Naomi's feminine adroitness permeates from the start go, a lackadaisical Sentaro begins his quotidian grunt work in his perennially glum mood, against a beauteous streetscape dotted with cherry blossoms as if we too, can vicariously smell their flagrance. The advent of Tokue, like a gentle breeze, both leavens the taste of Sentaro's dorayaki and his woebegone life, the narrative takes a leisurely and pretty predictable course in the trio's interactions, heedful to details and not spoon-feeds us with their jeremiad. Soon, it is Tokue's wretched past emerges to the forefront, suggested by her gnarled fingers and deformed hands, she is indeed a victim of leprosy, had been secluded from the society in a sanatorium along with her likes for decades.

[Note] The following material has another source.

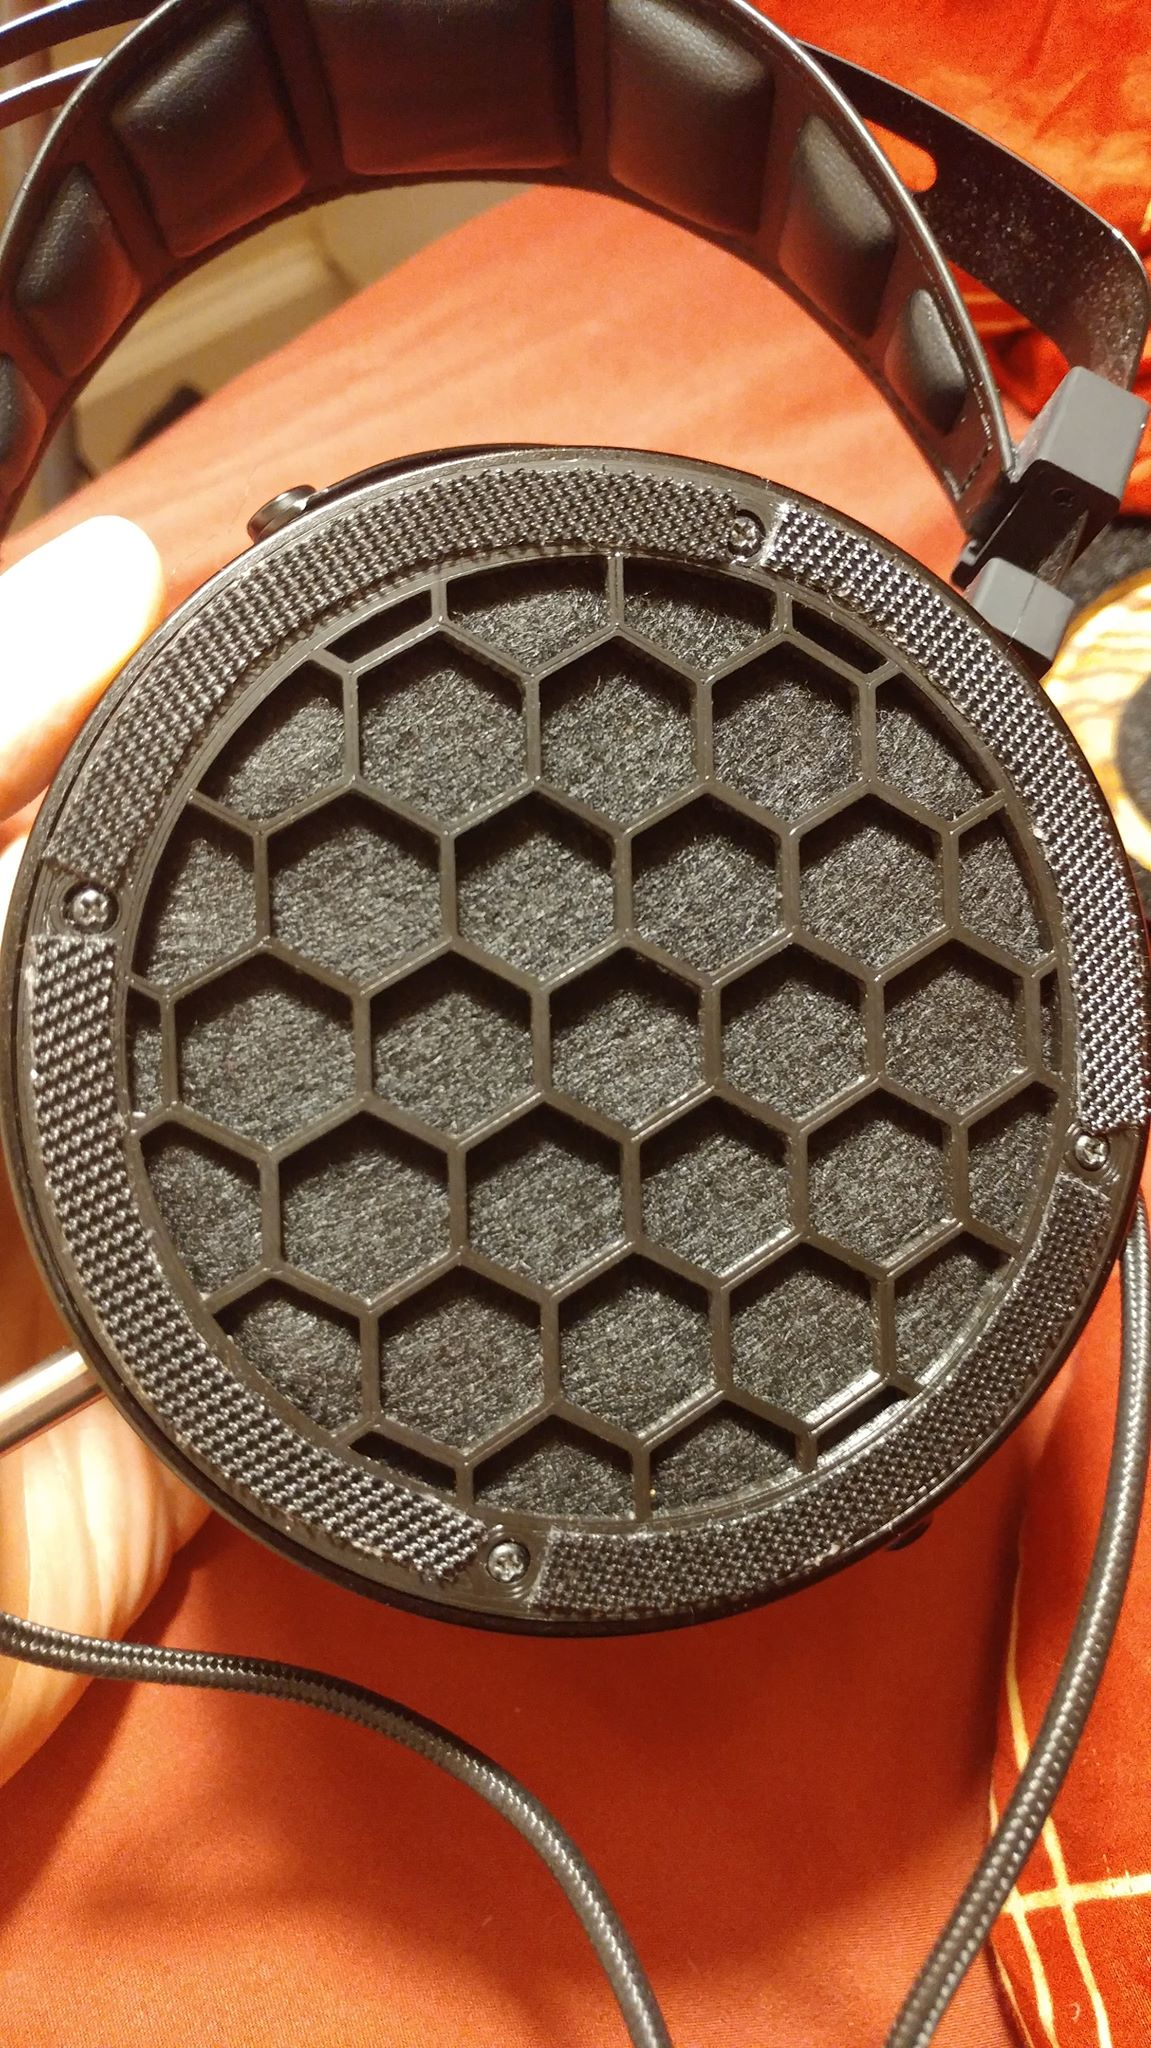 Monolith M1060C Closed Back Planar Headphones impressions | Page 39
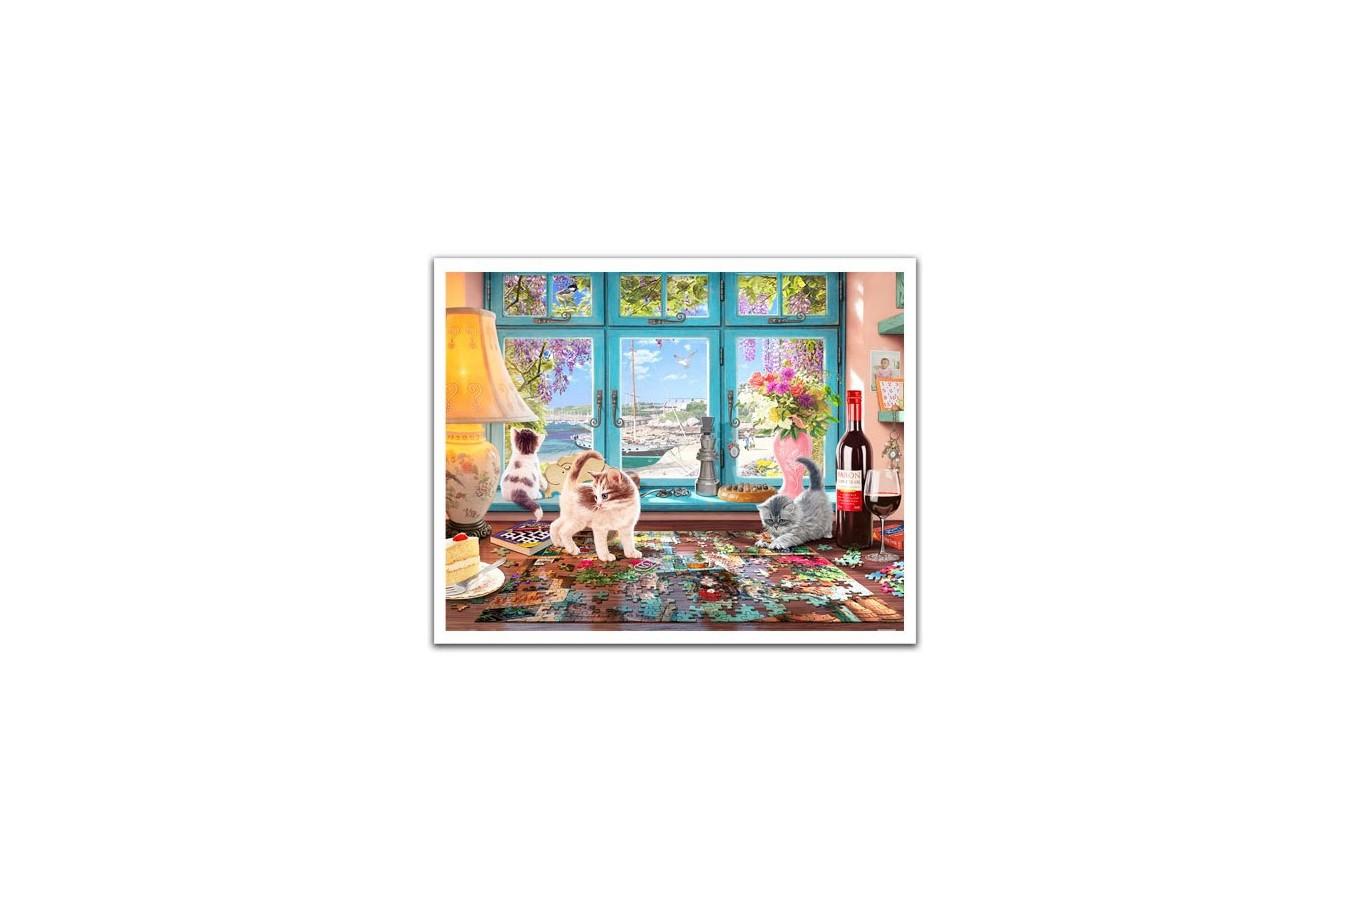 Puzzle din plastic Pintoo - Steve Read: Puzzlers Desk, 2.000 piese (H1986) imagine

The sticking point of prejudice against Tokue's condition looms large, and begins to disintegrate their business success, in an almost wordless segment, Tokue knowingly bows out, and by the time Sentaro and Wakana finally visit her in the verdant sanatorium, Tokue looks rather anemic and we realize, the elision of lachrymose and saccharine is right around the next corner. The film may as well bring down its curtain there, without gilding the lily with the subsequent voice-over heavy addendum from both Tokue and Sentaro, the former passing her final animistic wisdom to exhort him (and audience alike), whereas the latter, finally lets on his tale of woe in misty-eyes.
What comes off squeaky clean is the two central performances, the venerable Kirin Kiki brilliantly conveys Tokue's senescence with sublime precision and then countervails it with a buoyant earnestness, balancing a fine line between dotty and astute, but never for a minute, sags into self- pity or mawkishness. In the case of Masatoshi Nagase, who is slated for a very different task to grapple with, Sentaro is in a way, self-ostracized under his carapace of miserabilism, and Nagase commendably curves out a lucid contour of Sentaro's inscape with great restraint and subtlety.
In the main, SWEET BEAN is a potently therapeutic melodrama, a tad errs on the side of sentimentality, but it is more like a fly in the ointment than a wrench in the works, moreover, Naomi Kawase's humane tack of storytelling and gossamer tangibility of the mise-en-scène, do speak volumes among the burgeoning conglomerate comprises of the ever-expanding working female filmmakers today.